At this point, I realized that I was completely fucked up. I decided to listen to some music. I put on some headphones, and sank into the music. I closed my eyes and pictured what the song was about. It was extremely vivid, although I would not say a hallucination.
I closed my eyes and pictured what the song was about. It was extremely vivid, although I would not say a hallucination.
I would almost say that I was hypnotized by the songs that were playing (Lorazepam is a hypnotic, after all). At the end of each song, however, I would snap out of it and realize that I had been completely absorbed by the music. As the next song began, I would fall right back in. It was amazing. However, during some of the songs, I had an extremely powerful feeling that someone was watching me, and several times I turned to see who it was. I was legitimately shocked whenever I would turn to see that nobody was there.
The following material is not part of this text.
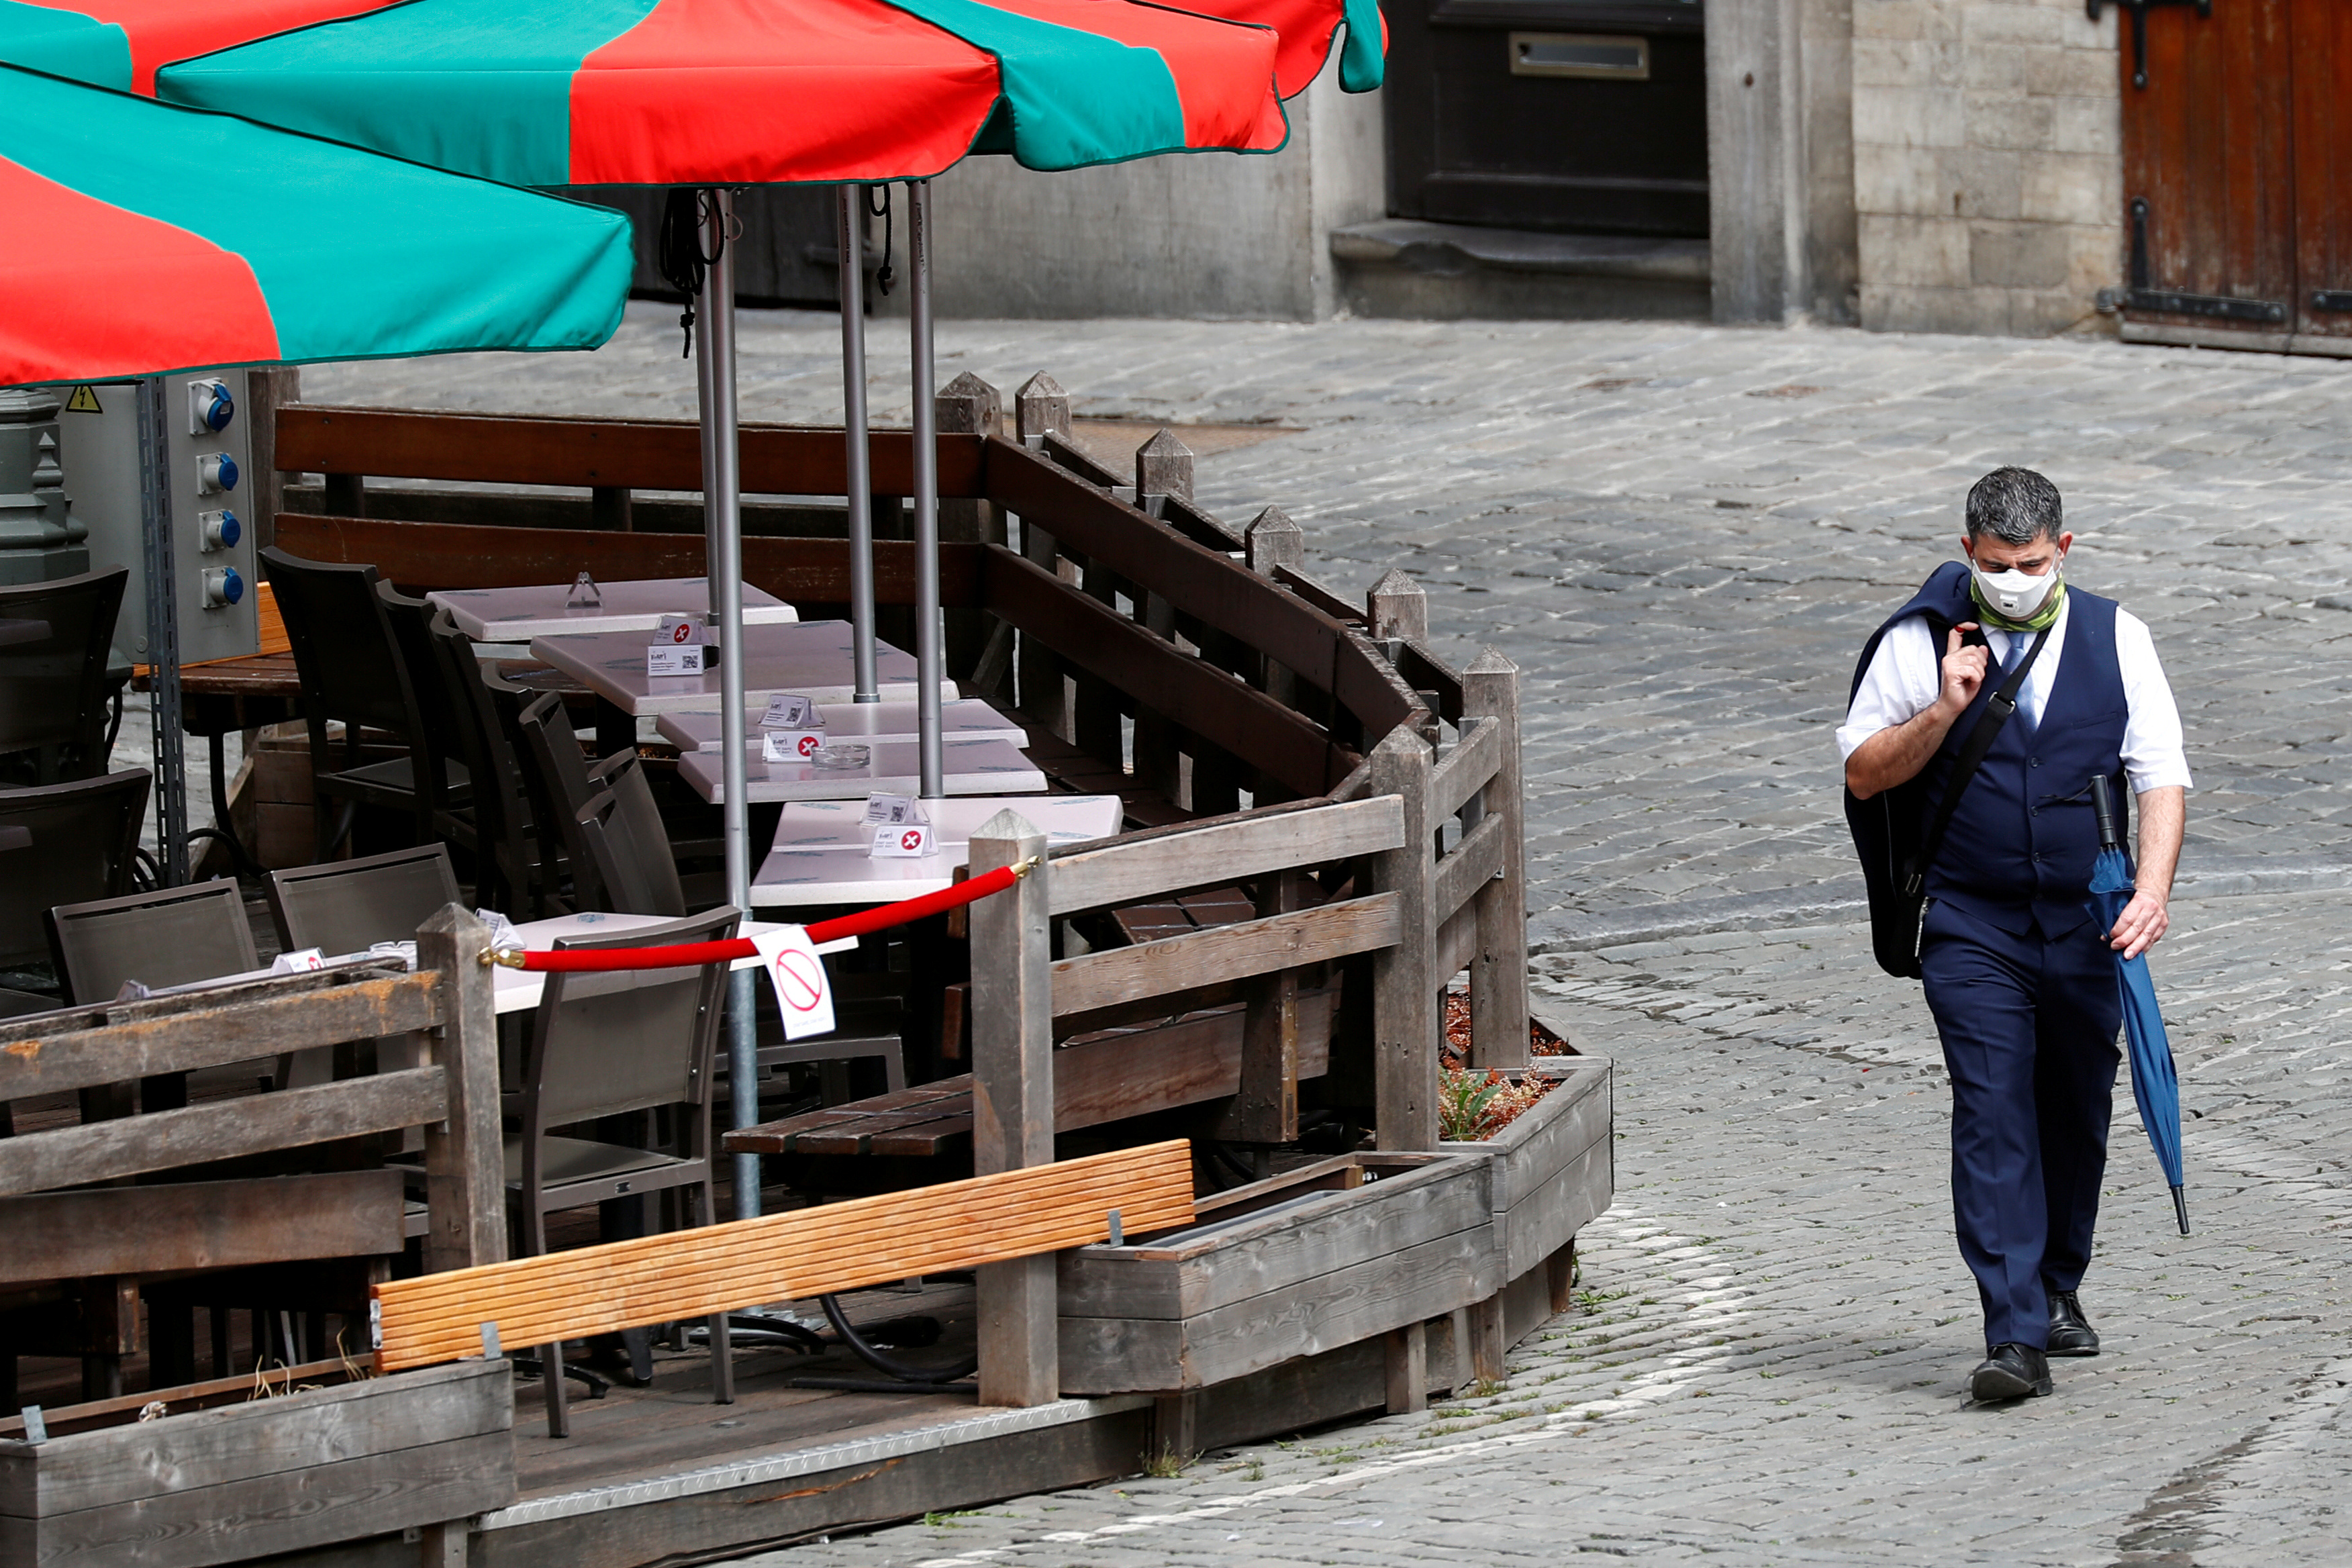 Bruselas hace obligatorio el uso de mascarillas en todos los espacios públicos

This cycle continued for what I thought was maybe about half of hour. I decided it would be a good idea to smoke just a little more, just to make sure my high lasted. Just a bowl this time, not a huge amount (T+115mins). Afterwards, I began the hypnotic music session again, only this time it was MUCH more vivid. The emotions conveyed in the songs seemed to resonate within me. It was like every song was written especially for me. It was the best experience I’ve ever had listening to any music.
In my mind, I thought I still had a lot of time before class to sober up and act normal. Imagine my horror when I looked at the clock and discovered my Organic Chemistry class had already came and went. It turns out I was a lot more hypnotized by the music then I thought I was. Had I really been that out of it for that long? A full hour? I decided one more pill wouldn’t hurt anything, since I had already missed my class. As soon as I popped one last .5mg pill (T+175mins), my roommate walked in. I had forgotten to move his chair back, and he asked why I put the chair there. I tried to make up some excuse, like I was trying to get the ethernet cord to stretch or something, but it came out much less fluid than I had hoped. I hadn’t realize how slurred my speech was before this, because I hadn’t been talking to anyone. My roommate asked if I was drunk, to which I replied that I was just tired. I had to get out of there, because he knew something was up, so I tried to go eat at the local Chipotle. Somehow, I made it there. My memory of walking there, ordering, and eating is spotty at best.
Afterwards, I came back, did some homework (I.e., learned the stuff that I had missed that day in class), and overall felt a sense of peace the rest of the night. It took about another hour or so for the actual “high” part of it to wear off. The anxiolytic portion of the drug continued, however. Not a twinge of anxiety whatsoever, even though I should have been freaking out that my roommate knew I was on some drug.
Since this incident, I have not taken it recreationally again. I have been taking the recommended dosage, and it works wonders with regular panic attacks. Seriously, not a worry in the world, even without the sluggish feeling.